## TASK ITEM
In the entries below, find the line containing "Bird logo, flying" and the line containing "210522-NPLW - Capital". Copy those two lines and everything between them exactly, without the pictures.

## THE DATA
------------

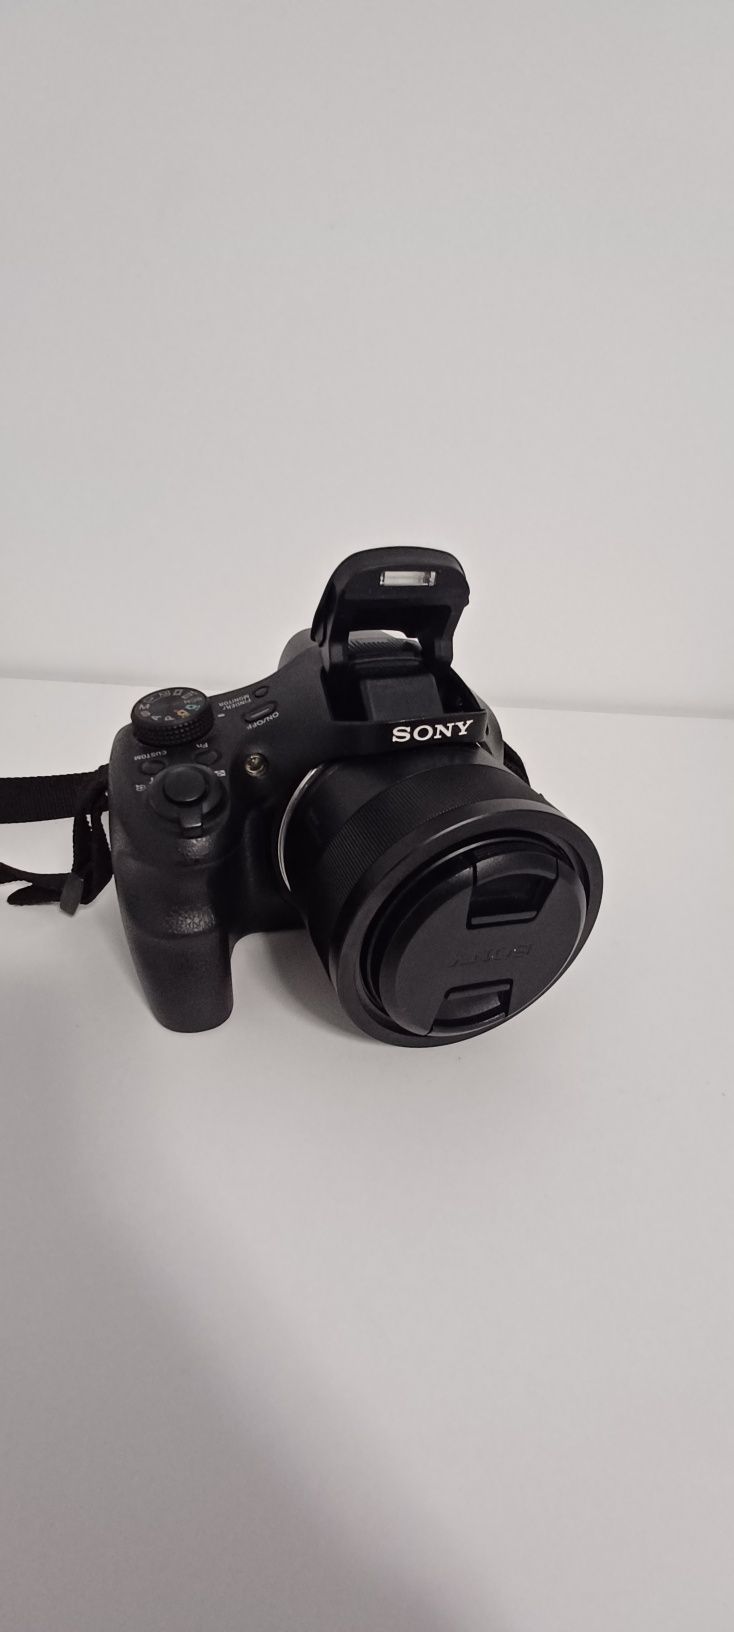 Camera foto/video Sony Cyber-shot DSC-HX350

------------

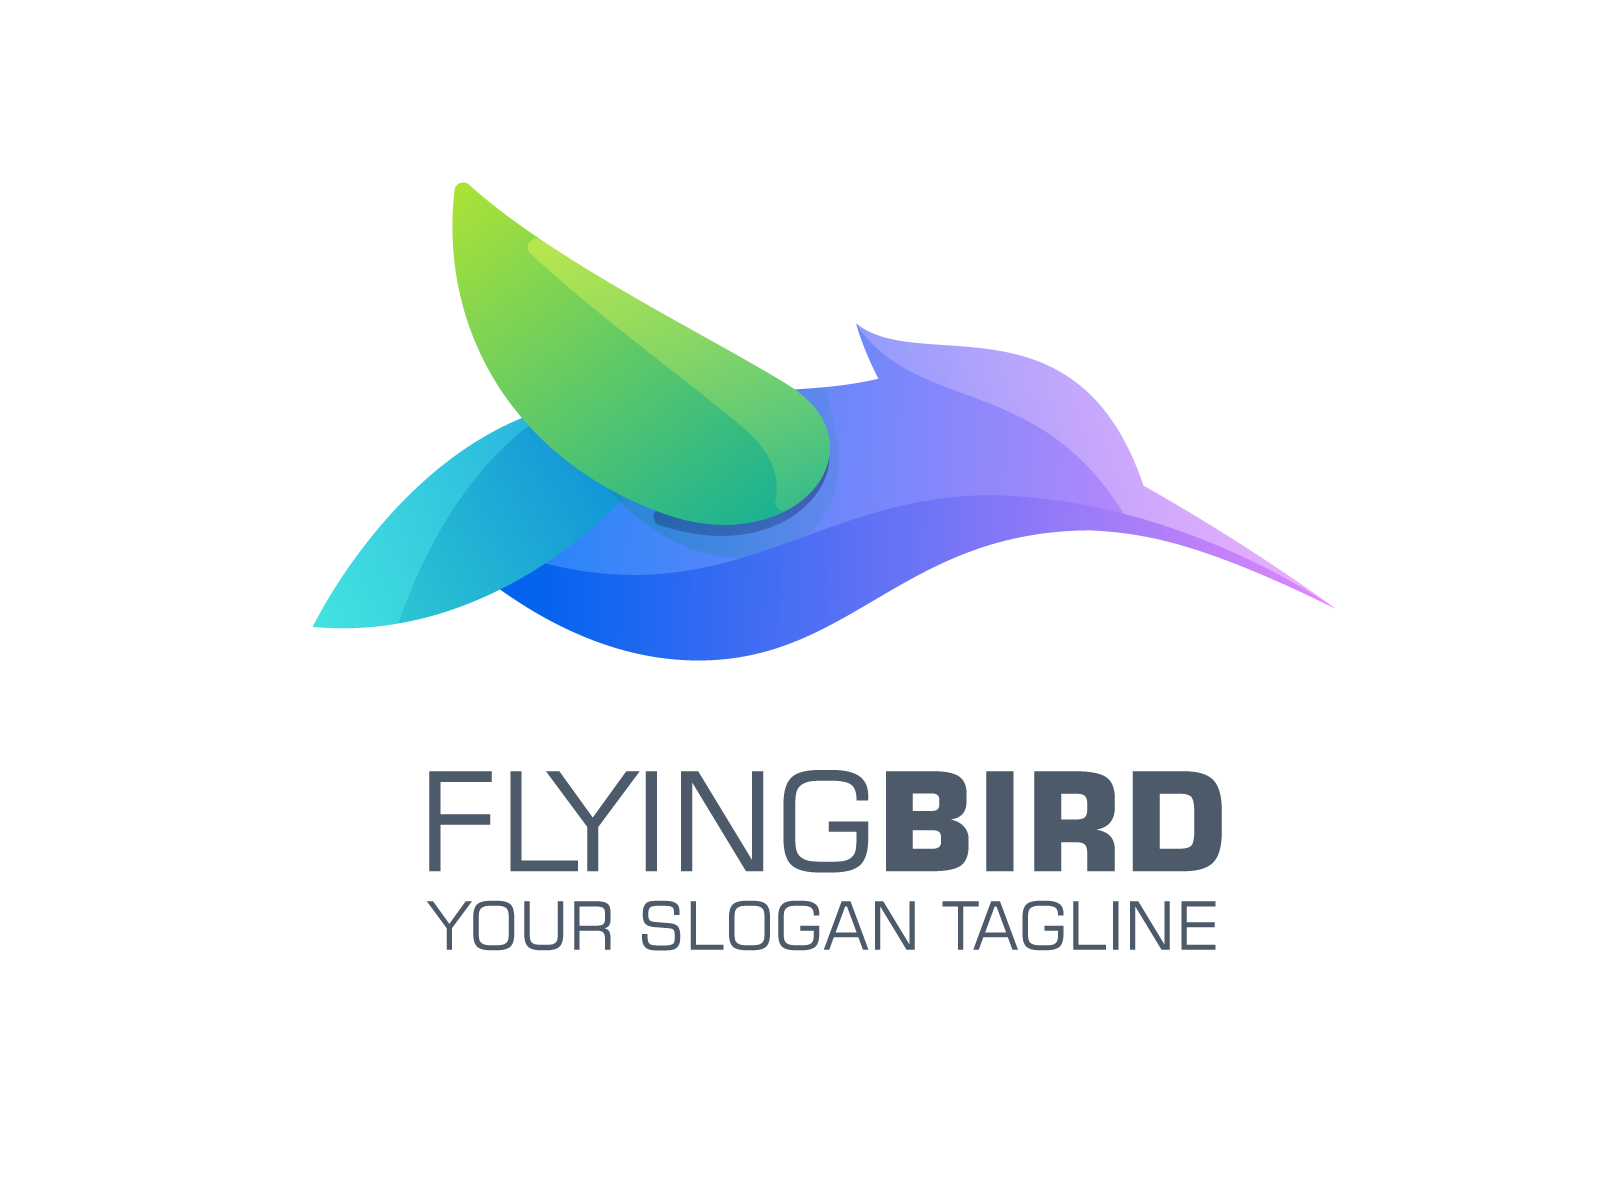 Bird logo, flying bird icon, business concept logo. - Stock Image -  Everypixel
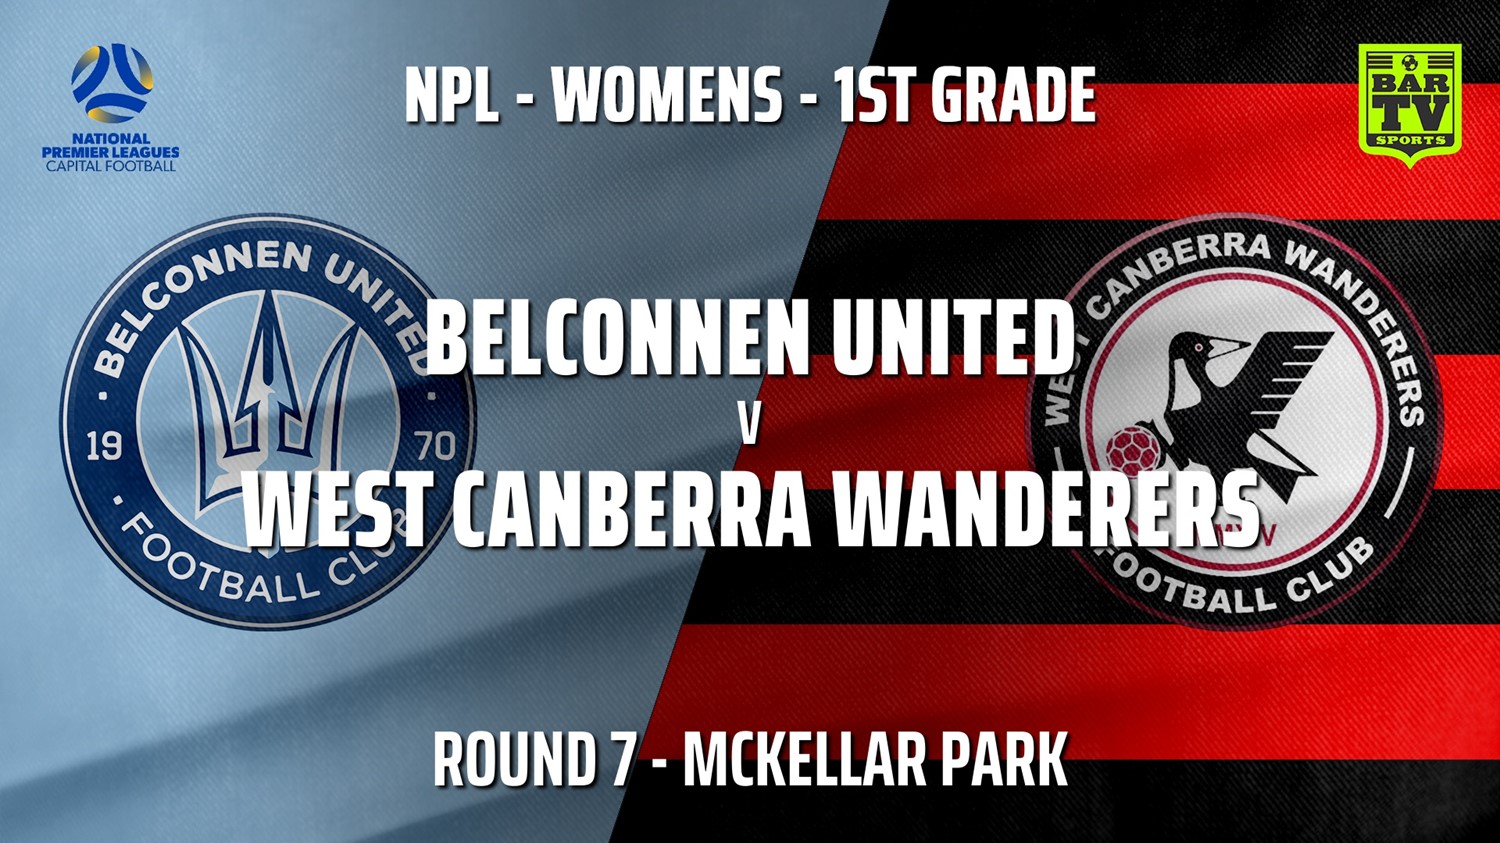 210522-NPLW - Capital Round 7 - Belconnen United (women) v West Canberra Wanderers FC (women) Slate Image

------------

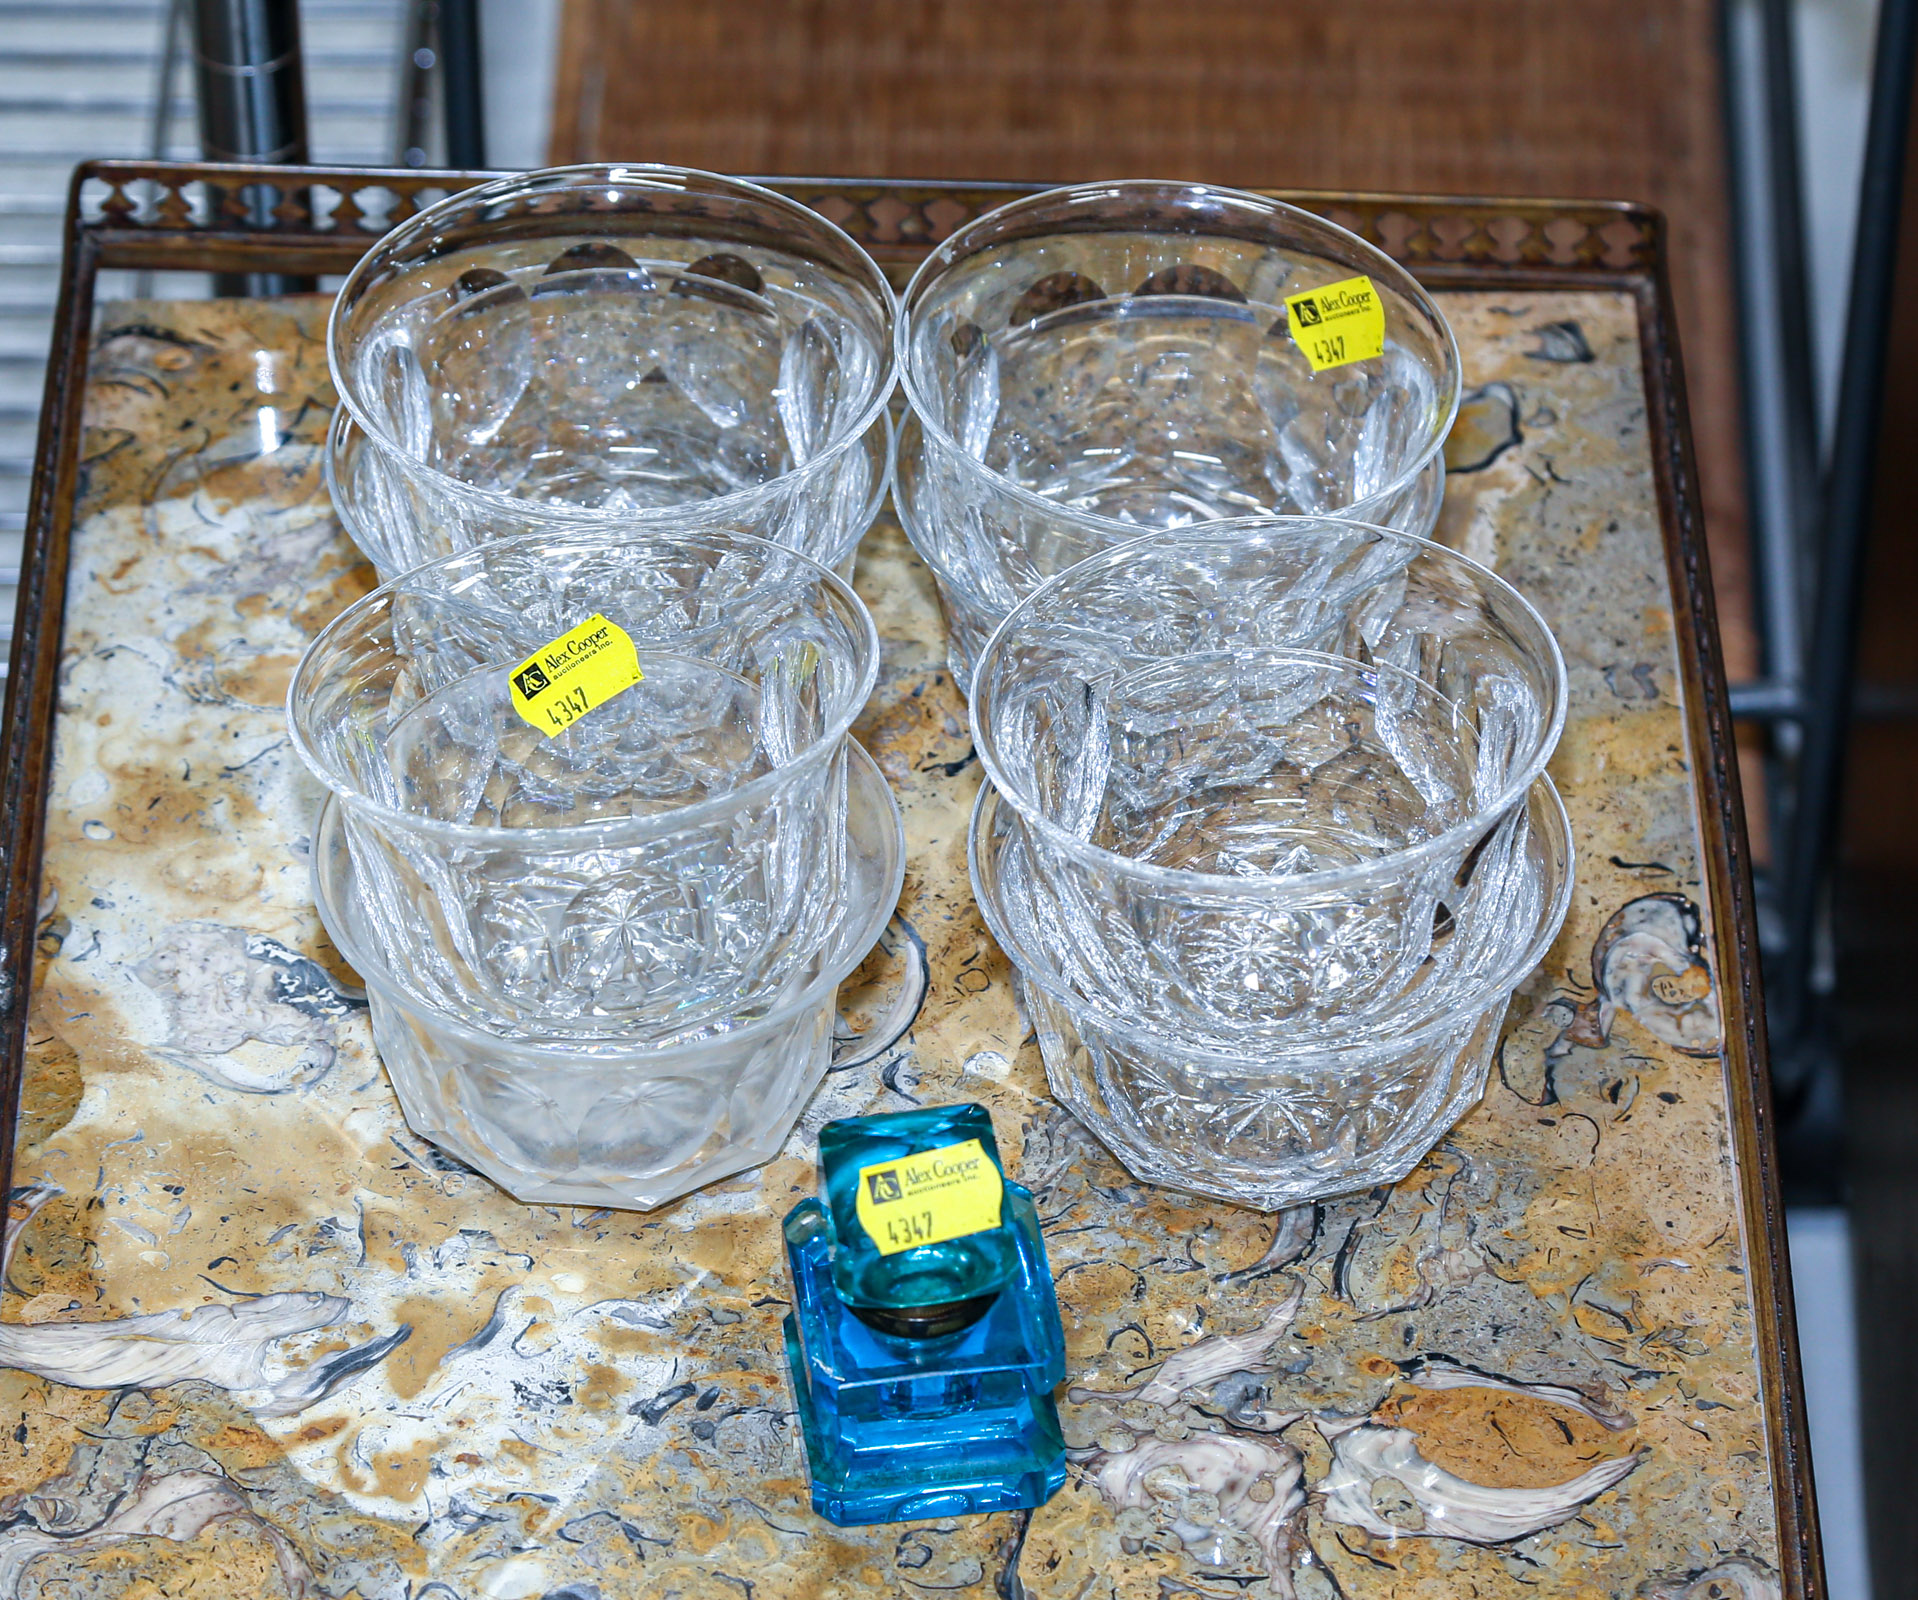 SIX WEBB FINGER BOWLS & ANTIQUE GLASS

------------

## ANSWER AREA
 Bird logo, flying bird icon, business concept logo. - Stock Image -  Everypixel
 210522-NPLW - Capital Round 7 - Belconnen United (women) v West Canberra Wanderers FC (women) Slate Image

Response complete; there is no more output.